RAF-AG: Report analysis framework for attack path generation

Abstract

Information sharing is a key practice in cybersecurity for coping with the ever-changing cyberattacks that are targeting computer systems. Thus, when cyber incidents happen, cyber threat intelligence (CTI) reports are prepared and shared among cybersecurity practitioners to help them get up-to-date information about those incidents. However, reading and analyzing the report text to comprehend the included information is a cumbersome process. Although techniques based on deep learning were proposed to speed up report analysis in order to obtain the enclosed essential information, such as attack path, training data insufficiency makes these methods inefficient in practical circumstances.This paper presents RAF-AG, a report analysis framework for attack path generation.
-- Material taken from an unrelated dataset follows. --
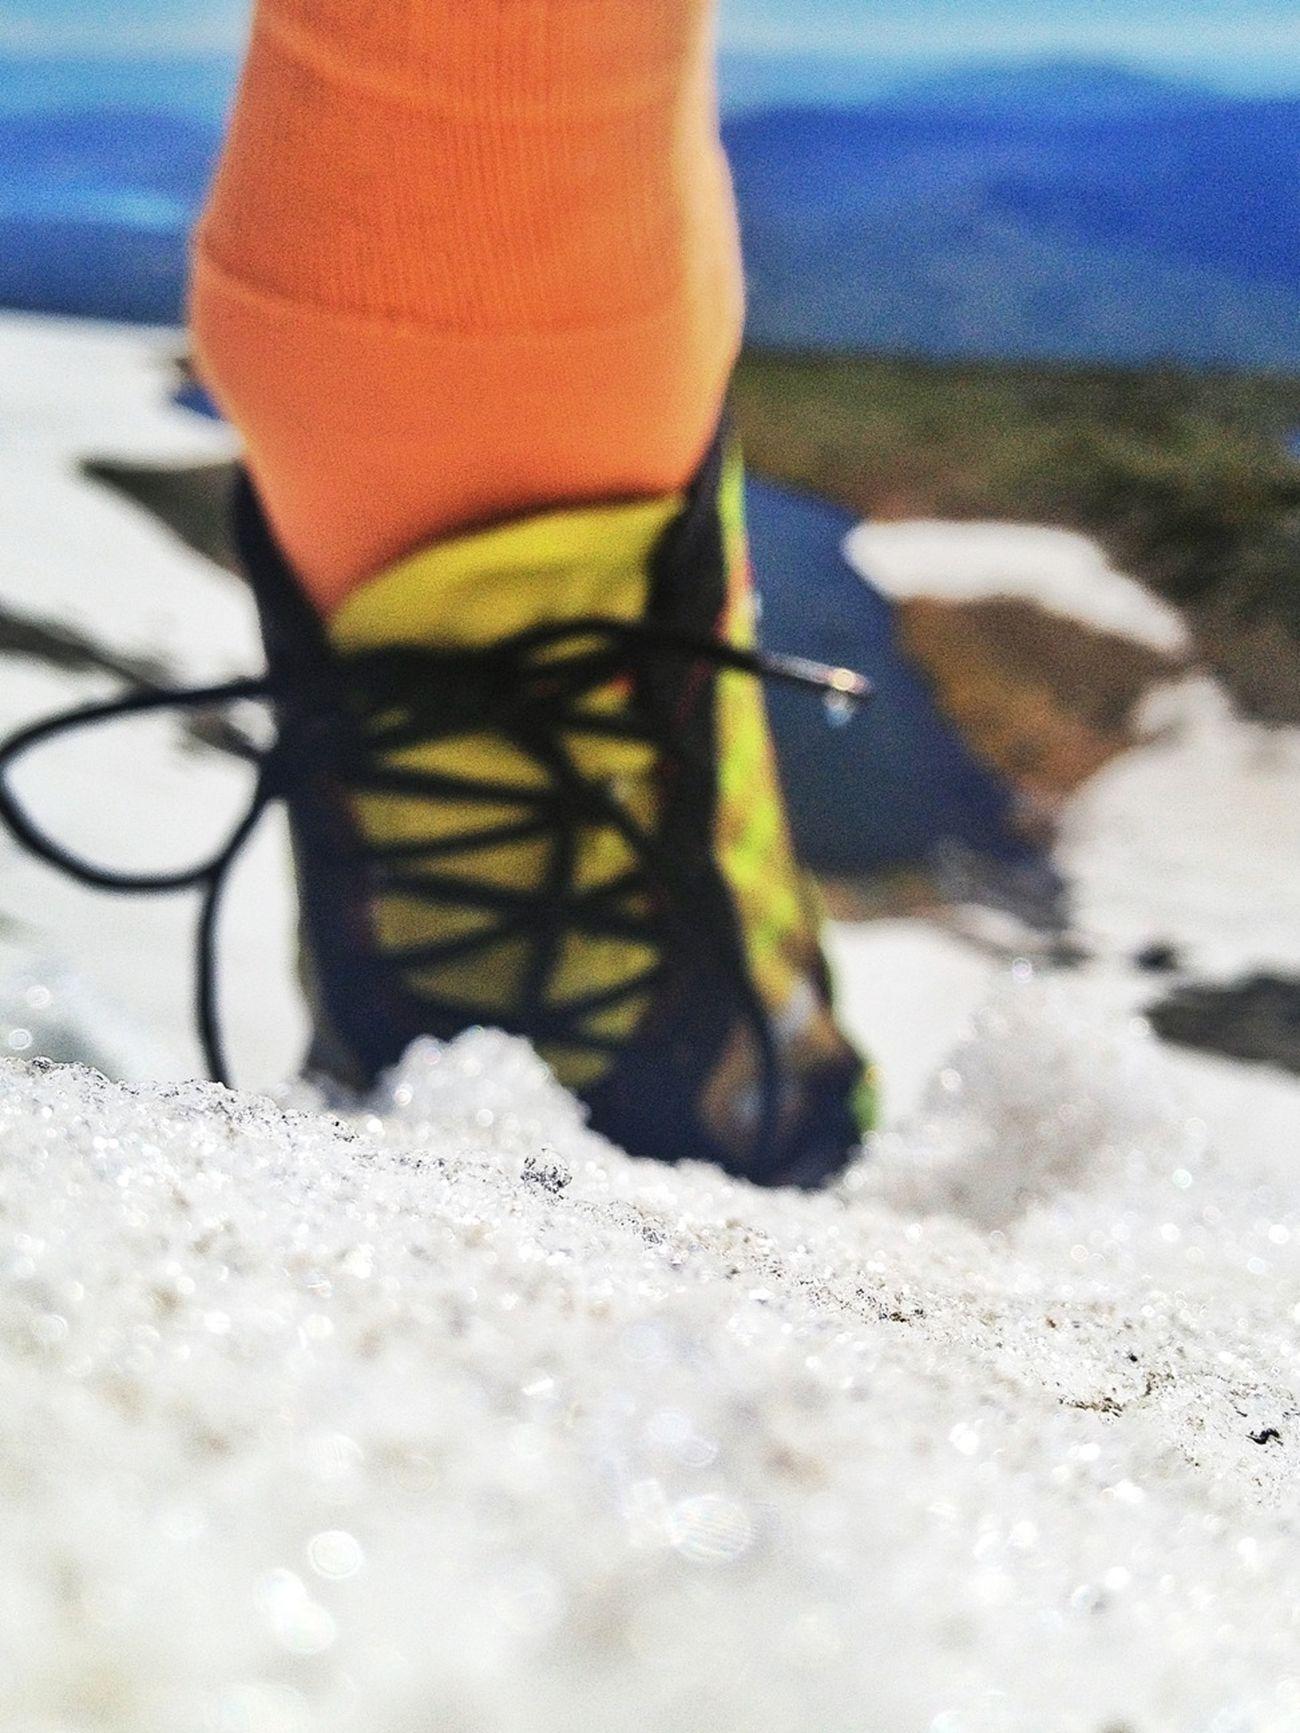 Detalles #trailrunning #peñalara #training #gasss #dynafit #felineghost #mountain #ilovemountains #spring #primavera #SuuntoAmbitions #Dynafitfinde

To analyze CTI reports, RAF-AG utilizes the sentence dependency tree for entity and relation extraction, and a weak supervision approach for entity labeling. This is followed by graph building and graph alignment for generating the attack paths. Our approach resolves the data insufficiency problem in the cybersecurity domain by lowering the need for expert involvement. We evaluated RAF-AG by comparing the generated attack paths with those produced by AttacKG, a state-of-the-art automatic report analysis framework. RAF-AG was able to identify cyberattack steps by matching their appearance order inside the report, and link them with techniques from the MITRE ATT&CK knowledge base with an improved F1 score compared to AttacKG (0.708 versus 0.393).